On July 15, 1935, about 200 Nazi Storm Troopers went on a sadistic attack, in "the most brutal anti-Jewish manifestation since Hitler's rise to power," with Hitler's instigation, and Nazi-managed press blaming the victims. Varian Fry, an American journalist and future Righteous Among the Nations, witnessed the brutality and was inspired to become an "ardent anti-Nazi." Leon Milton Birkhead, an American minister visiting Berlin, also witnessed the brutality and dedicated the rest of his life to fighting fascism and antisemitism. The shops and businesses owned by Jewish tradespeople became the target of several pogroms, culminating in the "Reichskristallnacht" of 9 November 1938. In World War II the boulevard suffered severe damage from air raids and the Battle of Berlin.
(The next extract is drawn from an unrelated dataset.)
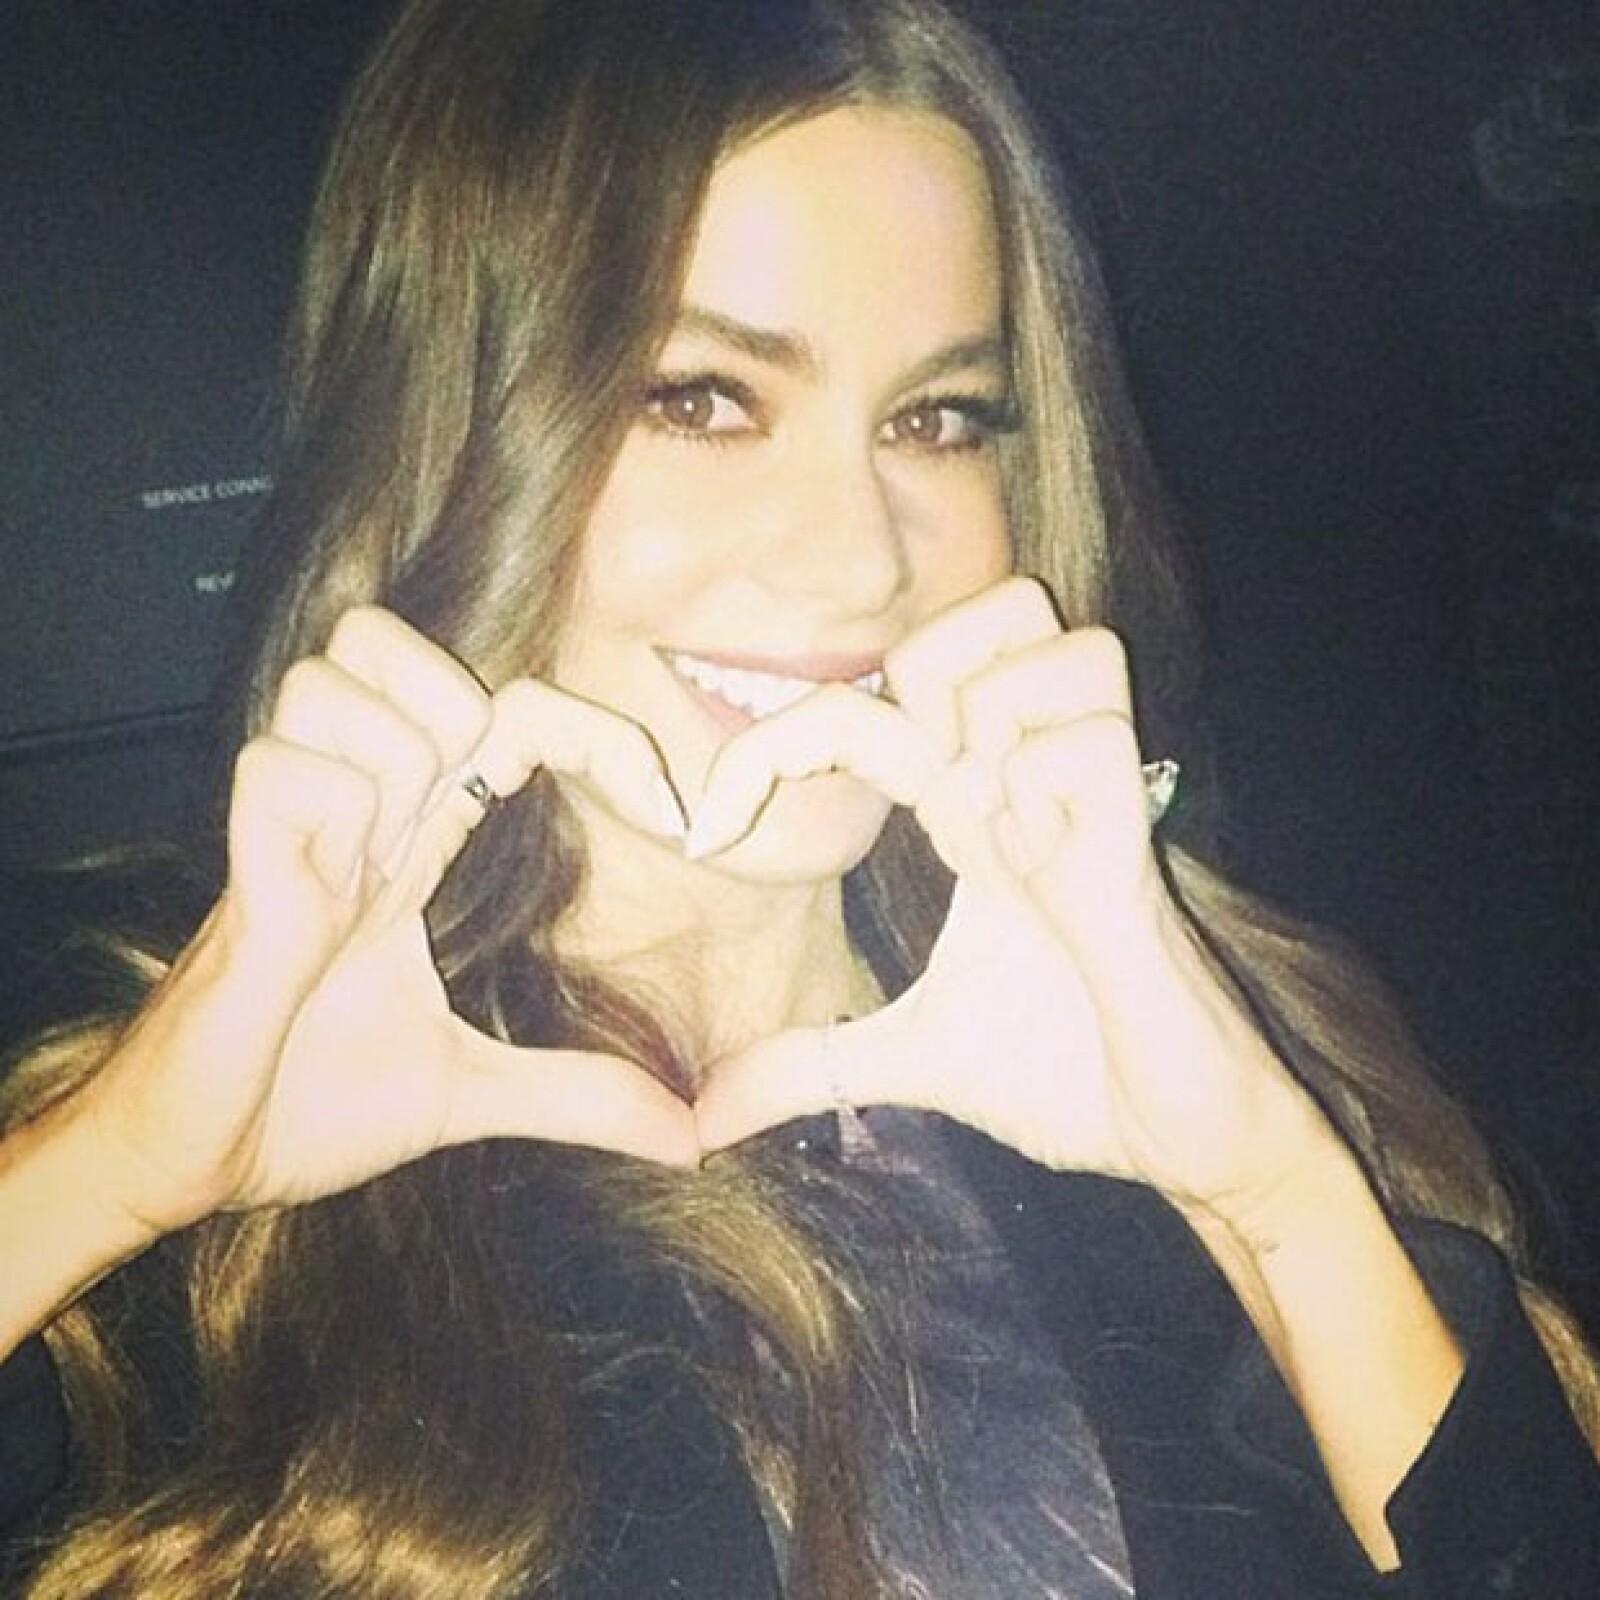 La actriz Sofía Vergara deseó feliz día de San Valentín a todos sus seguidores de Twitter e Instagram.
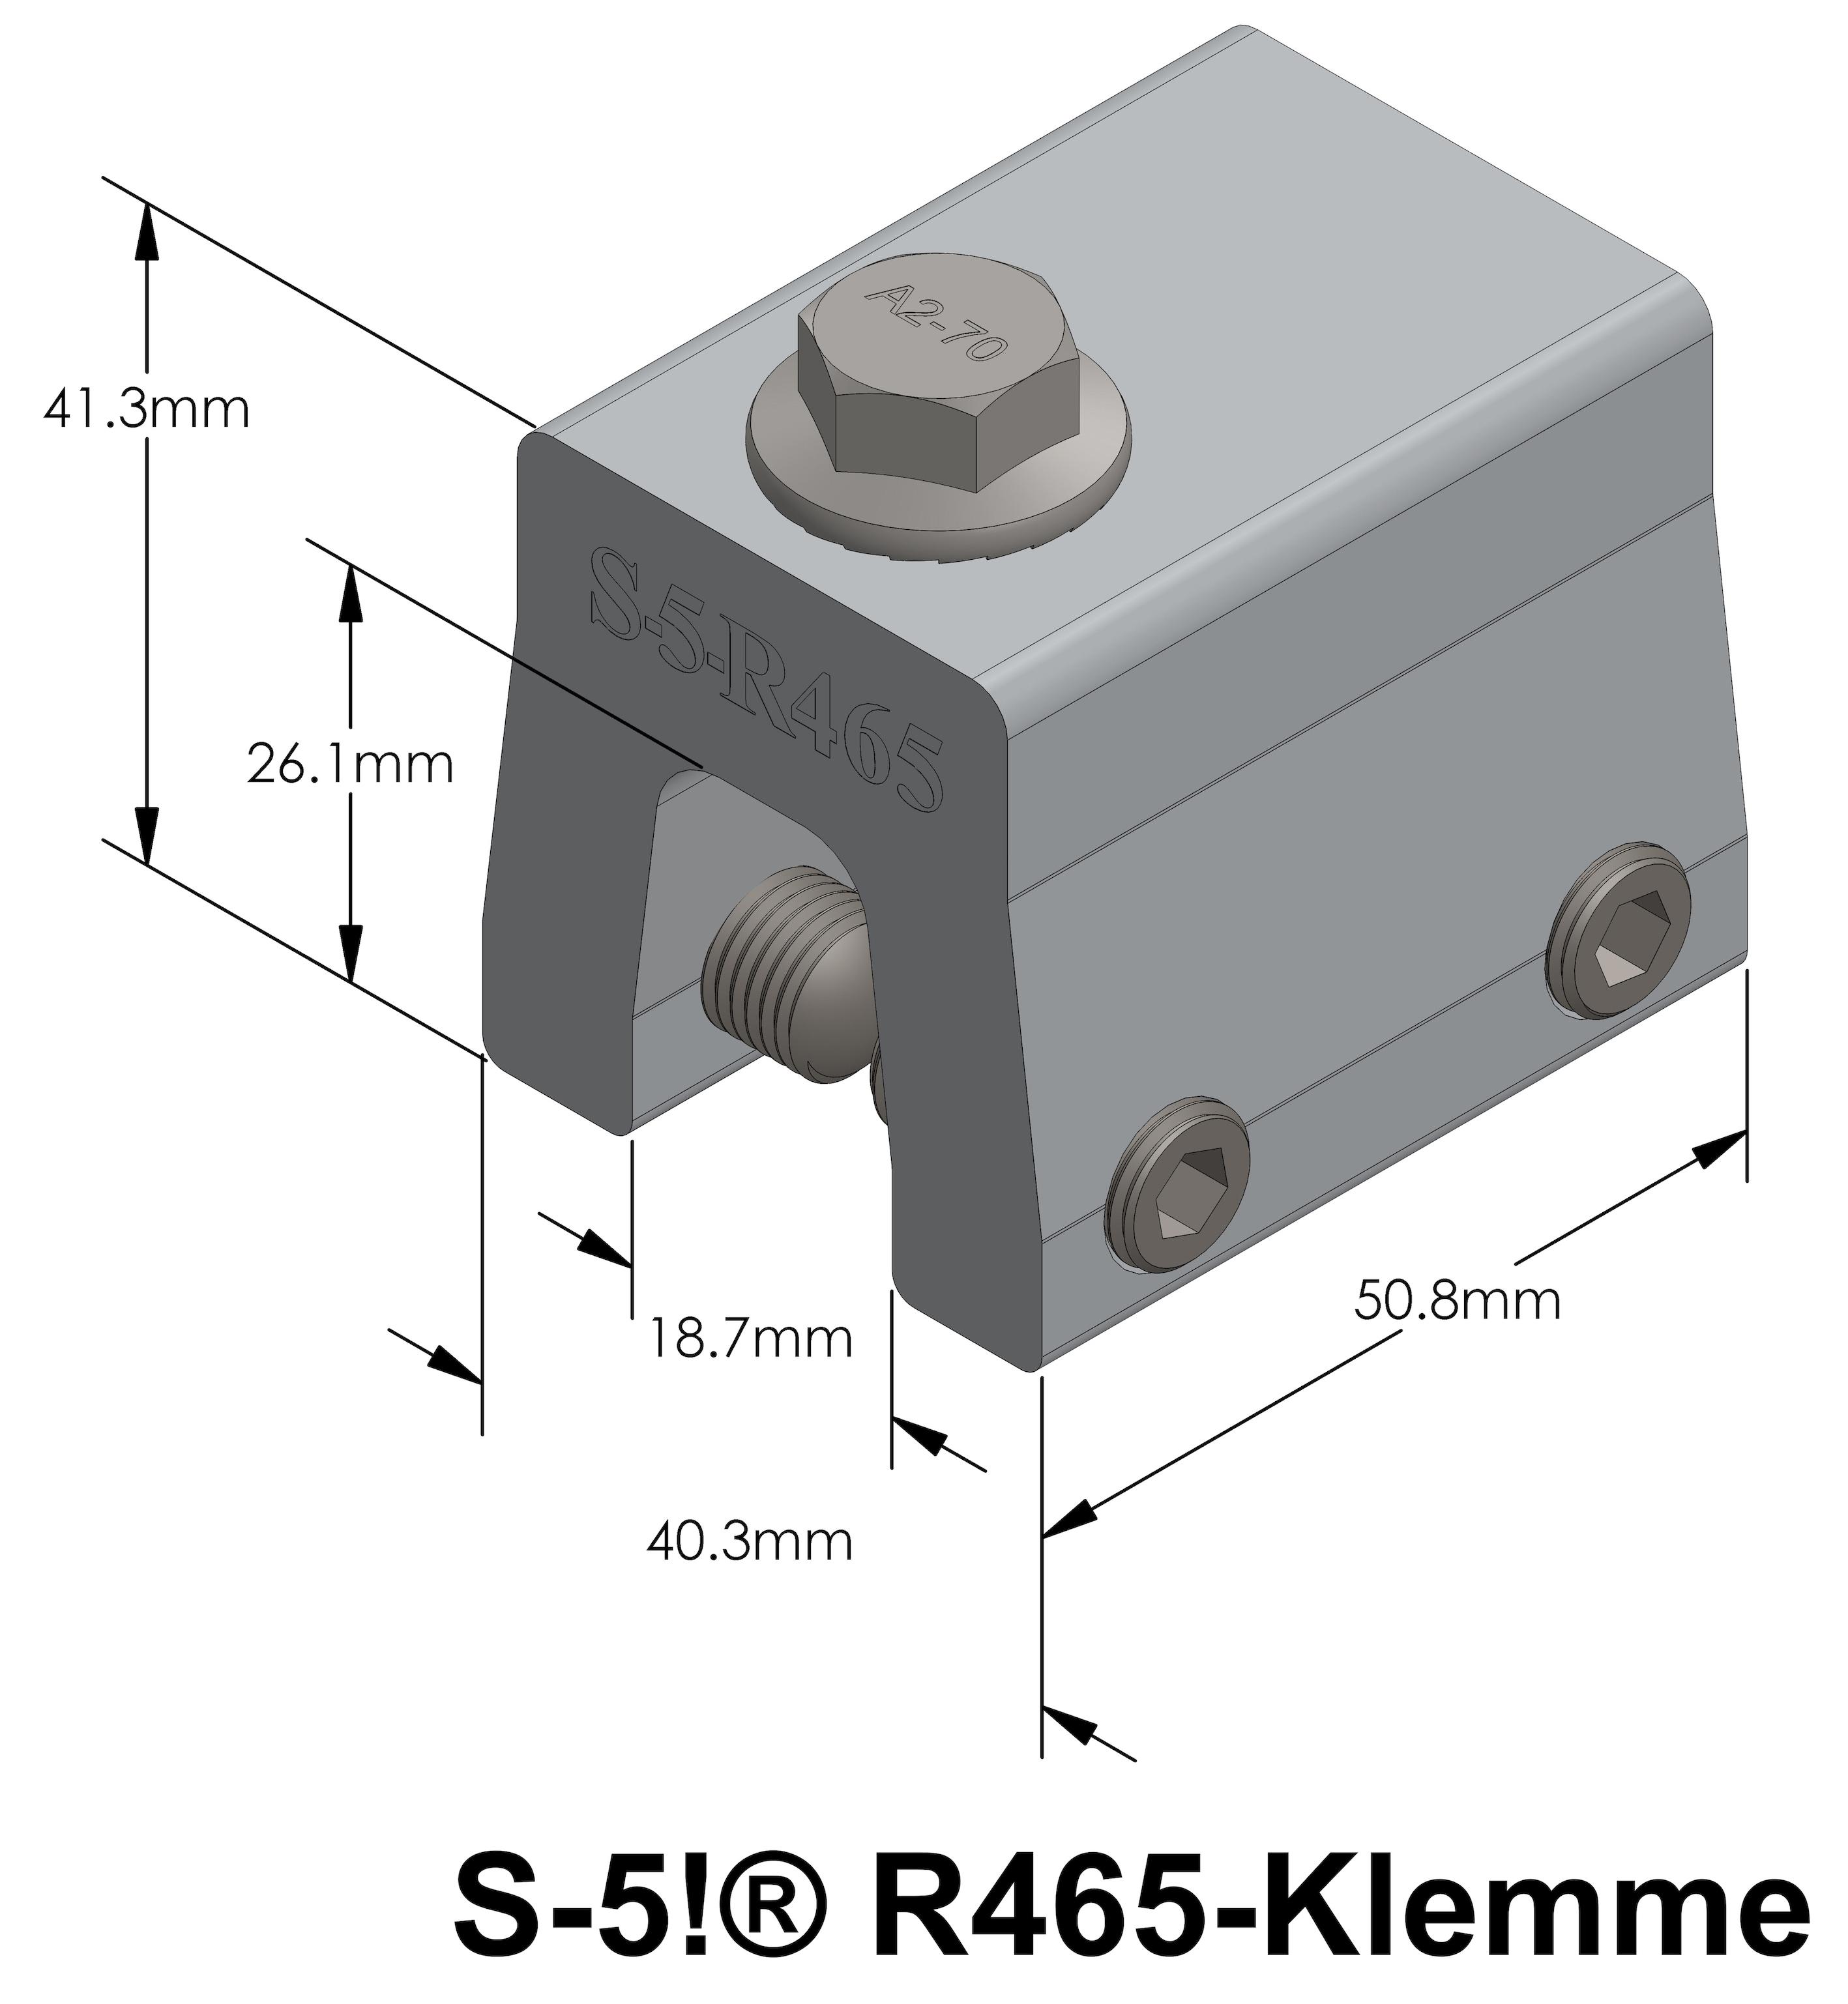 Detail R465-Klemme

Nevertheless, after the war rebuilding started quickly, and when Berlin was separated into East and West Berlin, the Kurfürstendamm became the leading commercial street of West Berlin in its Wirtschaftswunder days. For that reason, too, John F. Kennedy's tour of West Berlin on June 26, 1963, included a portion of it. A few years later, the Kurfürstendamm became the site of protests and major demonstrations by the German student movement. On 11 April 1968, spokesman Rudi Dutschke was shot in the head while leaving the office of the Sozialistischer Deutscher Studentenbund on Kurfürstendamm No. 140.

After German reunification the Kurfürstendamm had to compete with central places like Potsdamer Platz, Friedrichstraße, and Alexanderplatz, which led to the closing of numerous cafés and cinemas. It retained the character of a flâneur and upscale shopping street as the western continuation of the Tauentzienstraße with its large department stores.

The globally unique international art project United Buddy Bears was presented in Berlin on the Kurfürstendamm during the summer of 2011.